Principle:Huggingface Trl SFT Model Saving
| Knowledge Sources | |
|---|---|
| Domains | NLP, Training |
| Last Updated | 2026-02-06 17:00 GMT |
Overview
Model persistence and distribution via checkpoint saving, model card generation, and HuggingFace Hub publishing after supervised fine-tuning.
Description
After training completes, the fine-tuned model must be saved to disk and optionally distributed to collaborators or deployed to production. The model saving phase handles several concerns:
- Weight serialization -- The model's learned parameters (or, for PEFT, just the adapter weights) are serialized to disk in a format that can be reloaded for inference or further training. HuggingFace models use the safetensors format by default, which provides safe, memory-mapped access to tensors.
- Tokenizer/processor saving -- The processing class (tokenizer or multimodal processor) is saved alongside the model so that the same vocabulary, special tokens, and chat template are available at inference time. This ensures reproducibility of tokenization.
- Configuration saving -- The model's
config.jsonand any PEFT adapter configuration are saved to enable architecture-aware reloading.

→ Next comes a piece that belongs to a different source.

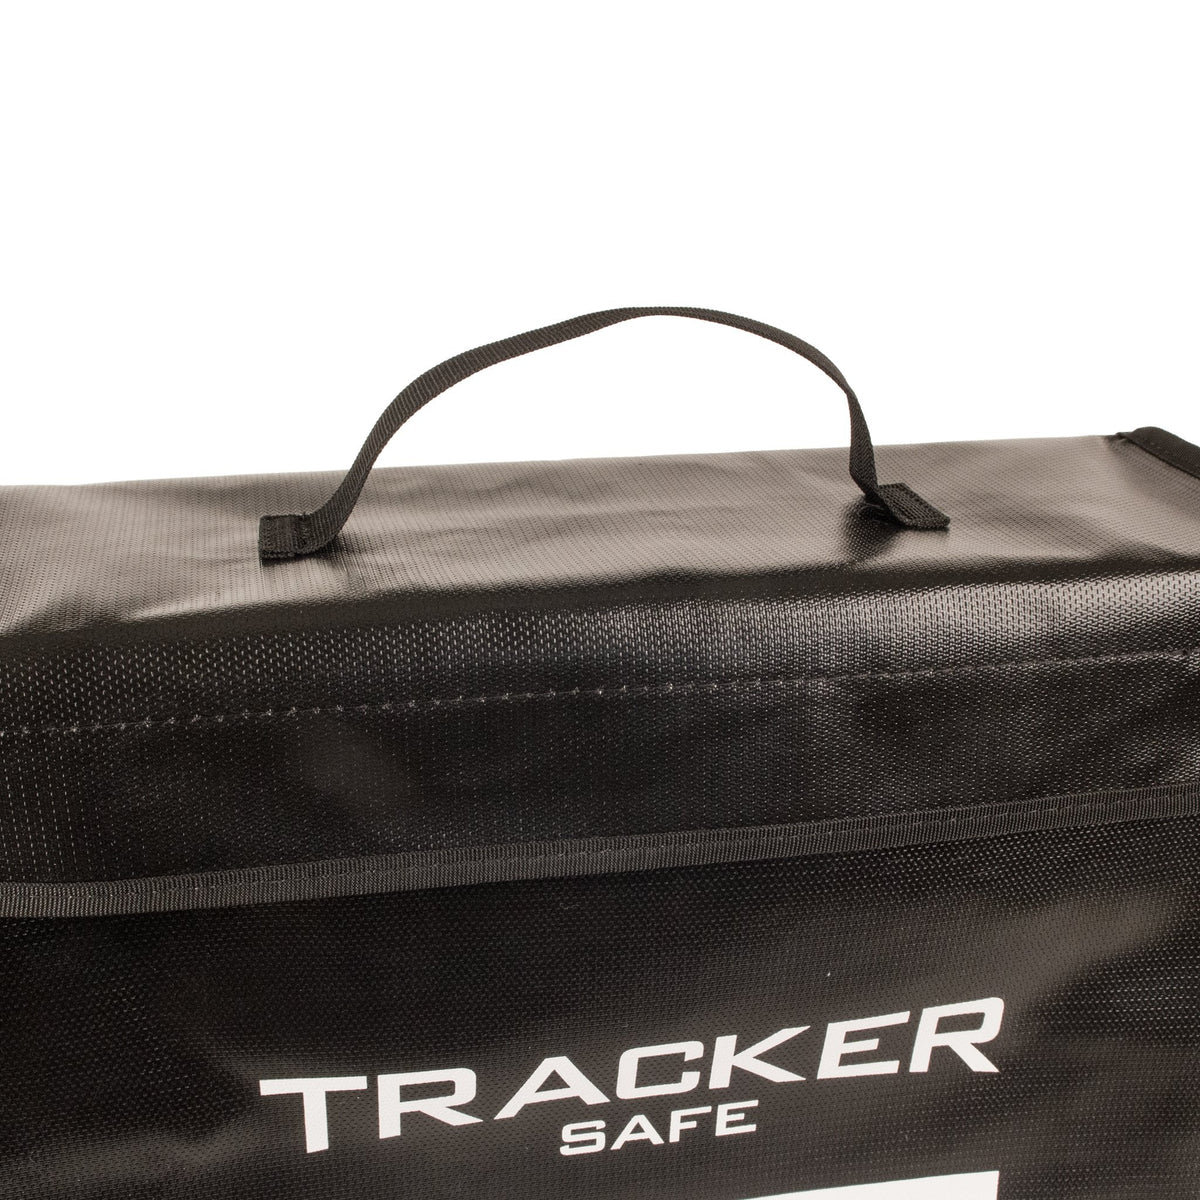 Tracker FB1612 Extra Large Fire &amp; Water Resistant Bag (12&quot; H x 16&quot; W x 5.00&quot; D)

- Model card generation -- The
SFTTrainerautomatically generates a model card (a Markdown README) that documents the base model, dataset, training method, and library versions. This card is saved with every checkpoint and is displayed on the HuggingFace Hub when the model is published.
- Hub publishing -- When
push_to_hub=Truein the training configuration, the model, tokenizer, config, and model card are uploaded to the HuggingFace Hub, making the fine-tuned model immediately available for download and inference.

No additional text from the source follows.